The SPL I have no idea about... I have no reference or baseline to apply, so I dont know what a given SPL would mean in terms of "feel"
 

sharza

Member
I played a bit with that calculator... I have a fairly large living room, so I decide on 6 metres distance as a parameter, even tho' its easily more, but just to start somewhere... thats around 20 feet.

Using the high end of the general level for "heavy" on the calculator page, I set the SPL to 110 dB.

I dont change amp headroom.

With 91 dB sensivity and those parameters, the calculator say 5890 watts is needed o_O o_O

So how does that even compute.... Assuming the calc is correct on the maths, does that mean, in order to reach that SPL level at 20 feet, I would need:

a) one or more AMPs able to deliver a total of 5890 watts.
b) speakers with an accumulated wattage rating able to sustain 5890 watts, all placed within 20 feet of my listening position

Or am I completely off here?
 
D

Deleted member 39241

Guest
It's 2860 watts - you might have not cleared the headroom required field.

I think it might be worth you getting an SPL meter to take some measurements so that you know what you are really aiming for.

For movies, reference level is 75db with 30db of headroom.

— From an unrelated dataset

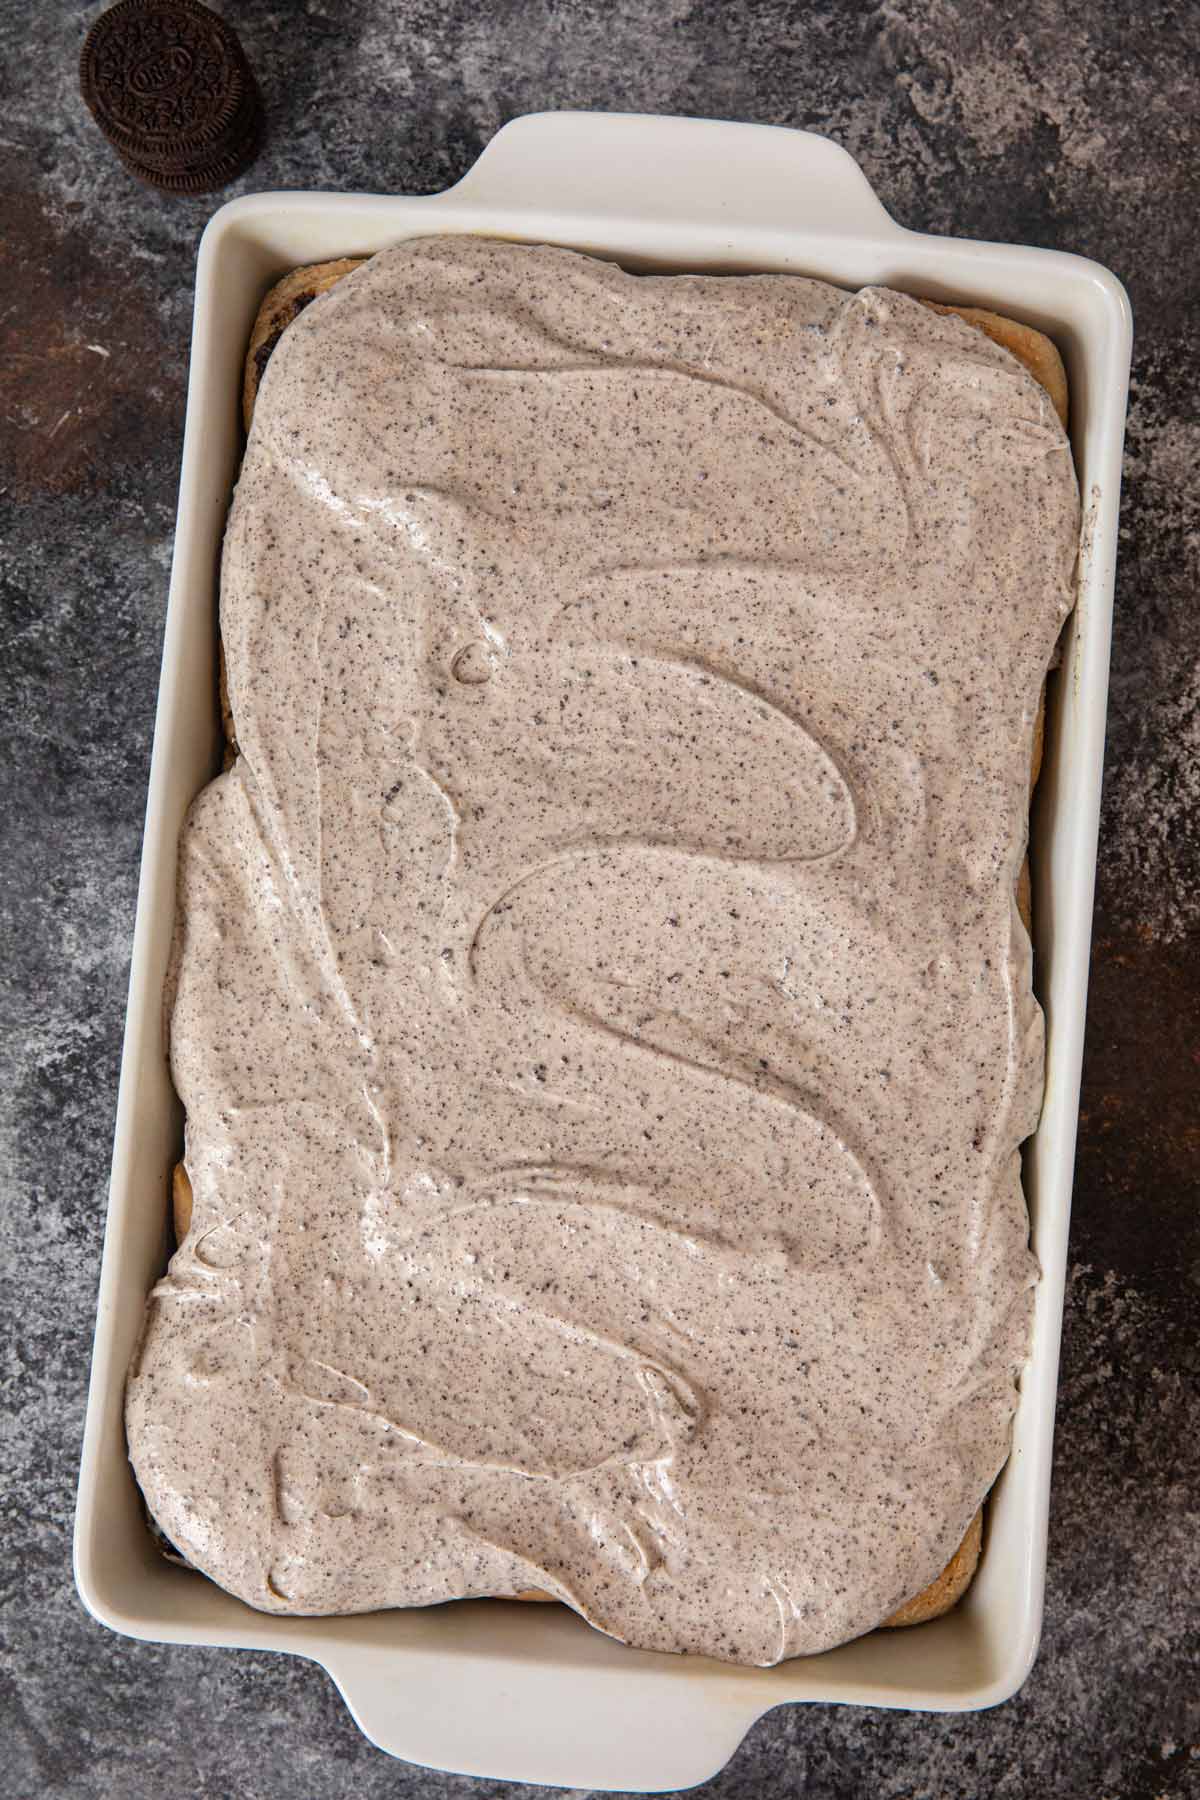 Oreo Cinnamon Rolls in baking dish with Oreo frosting

That means that the general level of speech is around 75db, but the dynamic peaks, and really loud sections take it to 105db. That would be from a usual 3 metre listening distance. I have listened at that level before, and it is really, really loud, to the point where you jump out of your seat at the explosions. I don't generally listen at that volume anymore because it scares the cats 🙀

If you want to achieve 110db of volume from 6 metres away from the speakers, you would be looking at pro audio equipment, built for music venues and the like.

By the way, you could seriously damage your hearing in the process.